─── STORED DATA

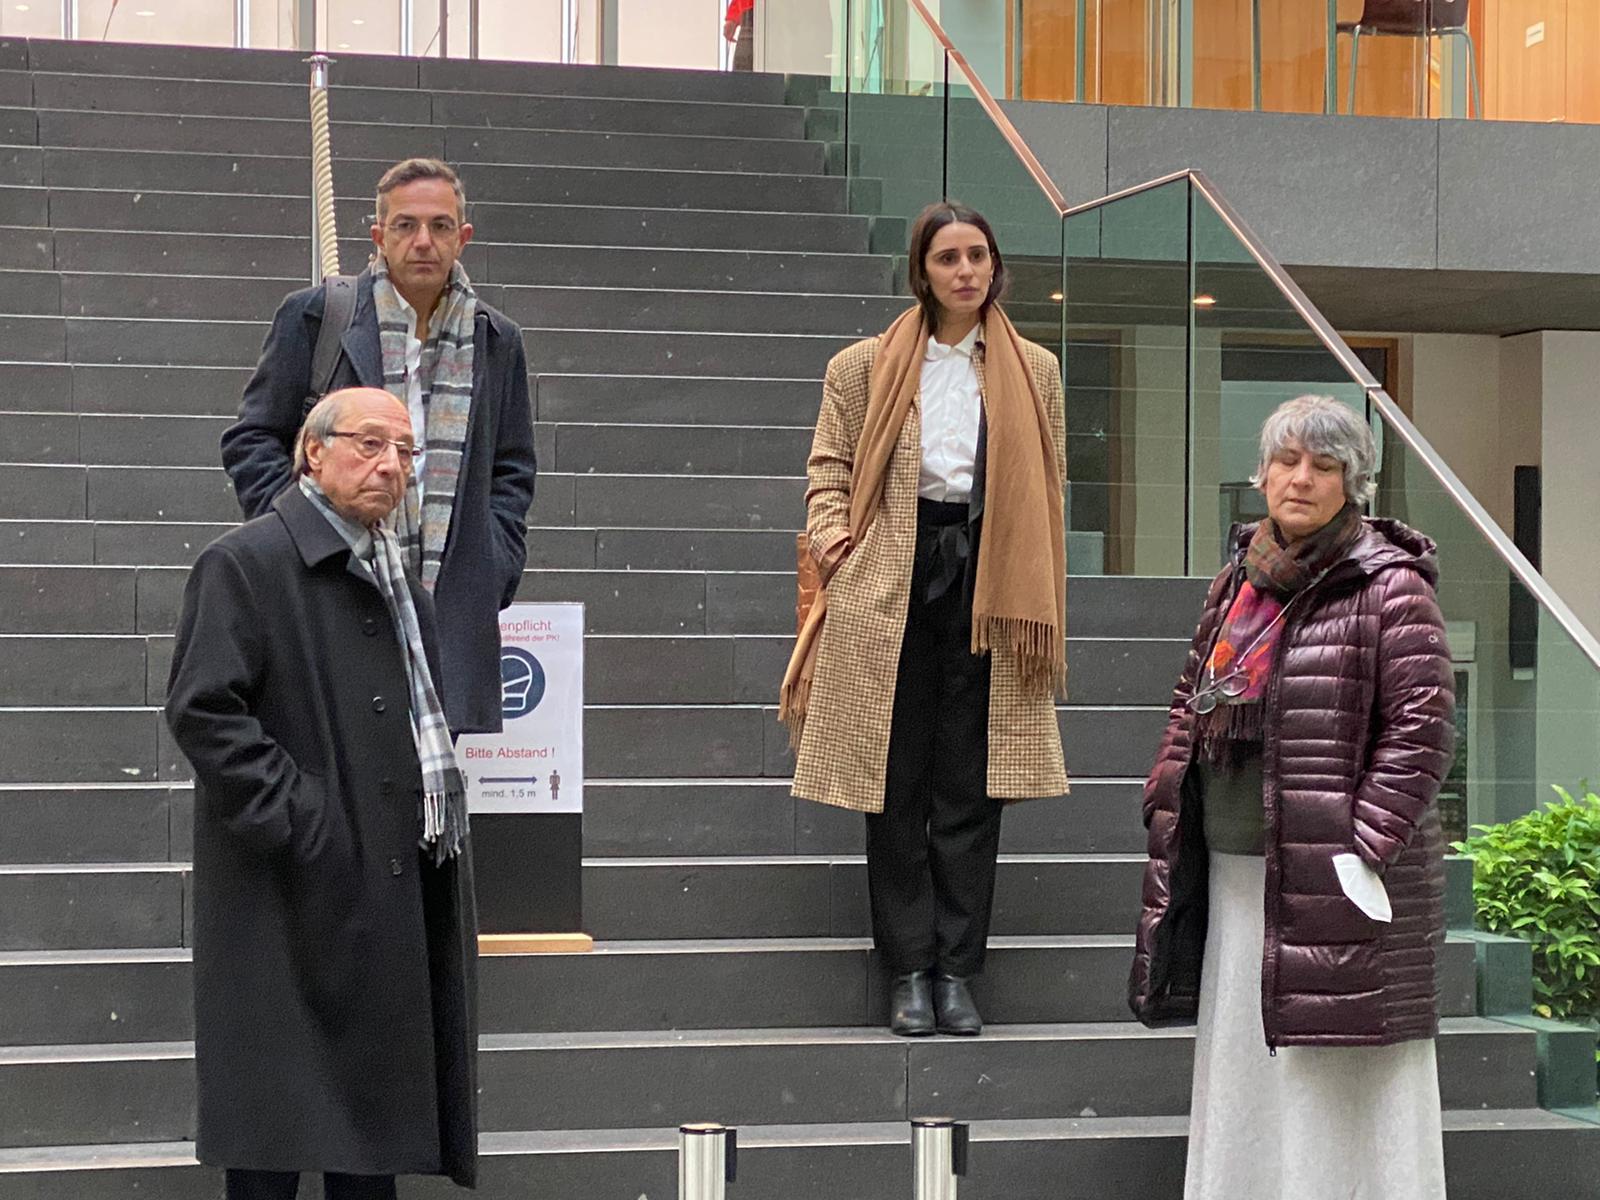 Von links: Bahman Niroumand, Navid Kermani, Maryam Zaree und Parastou Forouhar
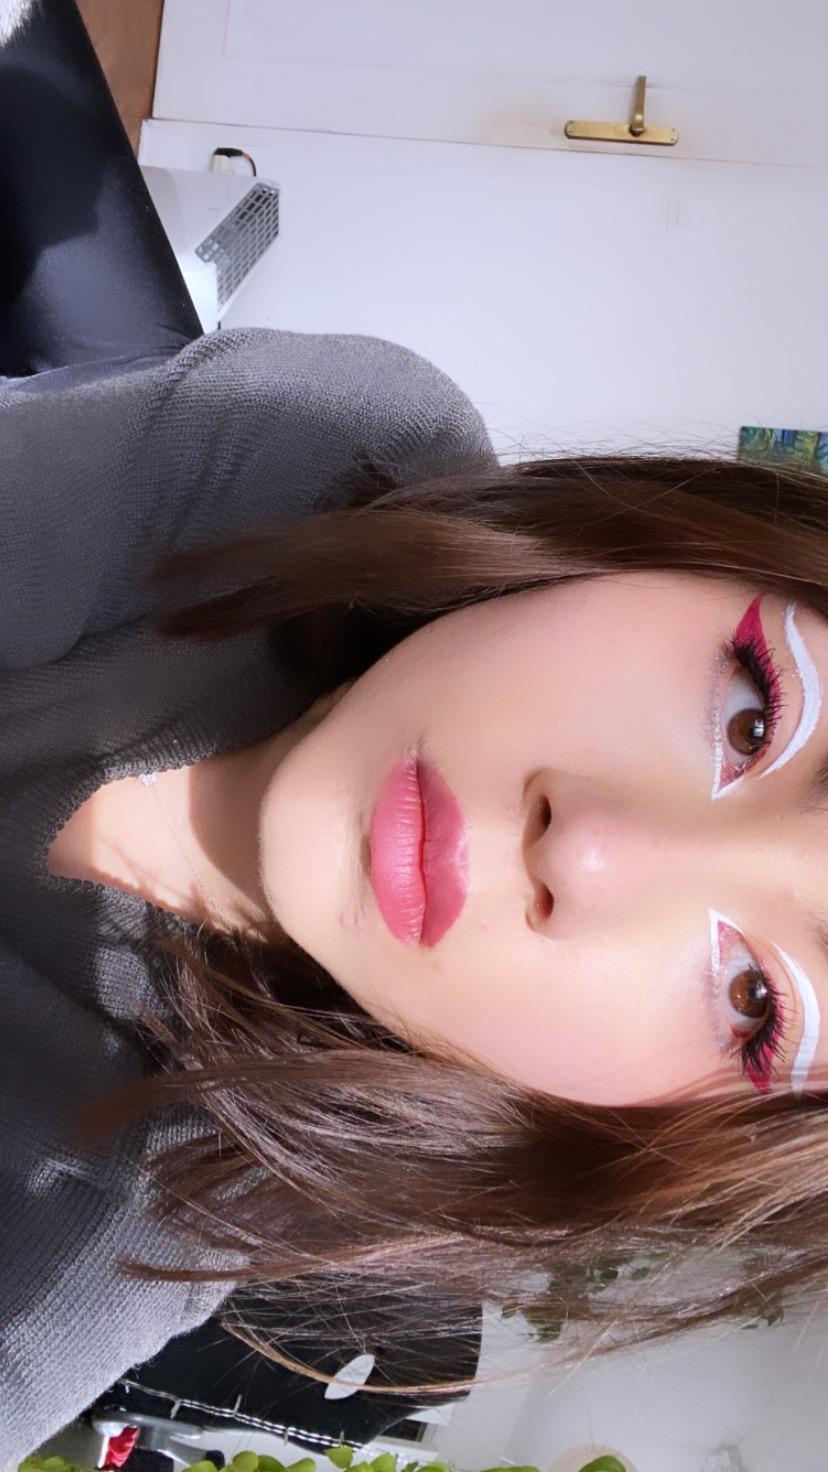 Galerie du maquillage 97c7bd10
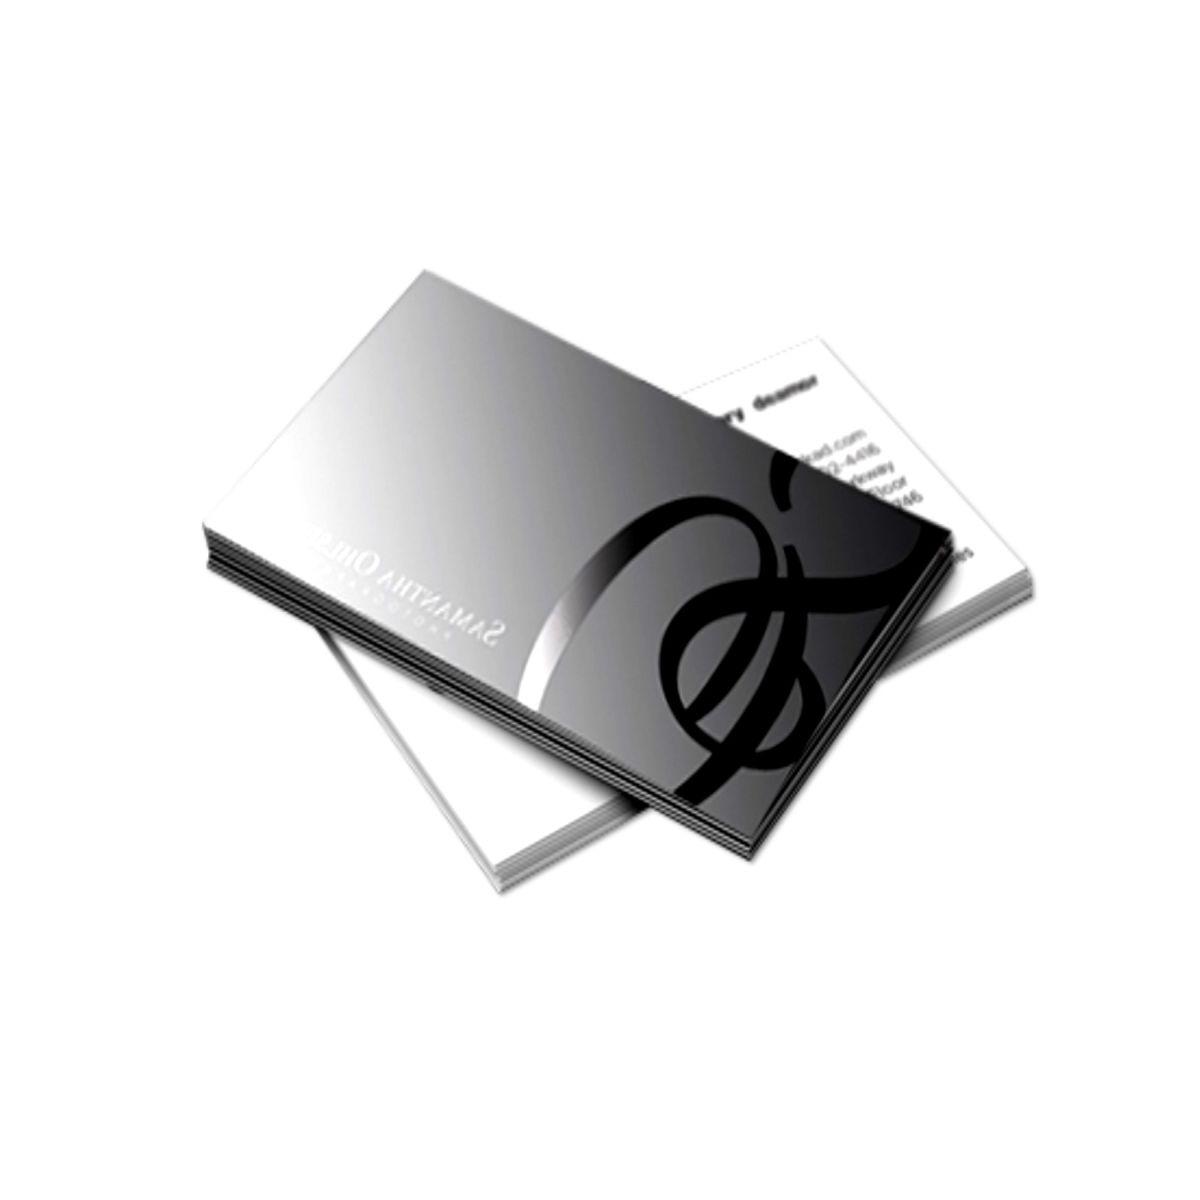 Spot UV Business Cards-022118-1

──────

Without including any image, reproduce the full listing above as written.

ANSWER BOX >>
 Von links: Bahman Niroumand, Navid Kermani, Maryam Zaree und Parastou Forouhar
 Galerie du maquillage 97c7bd10
 Spot UV Business Cards-022118-1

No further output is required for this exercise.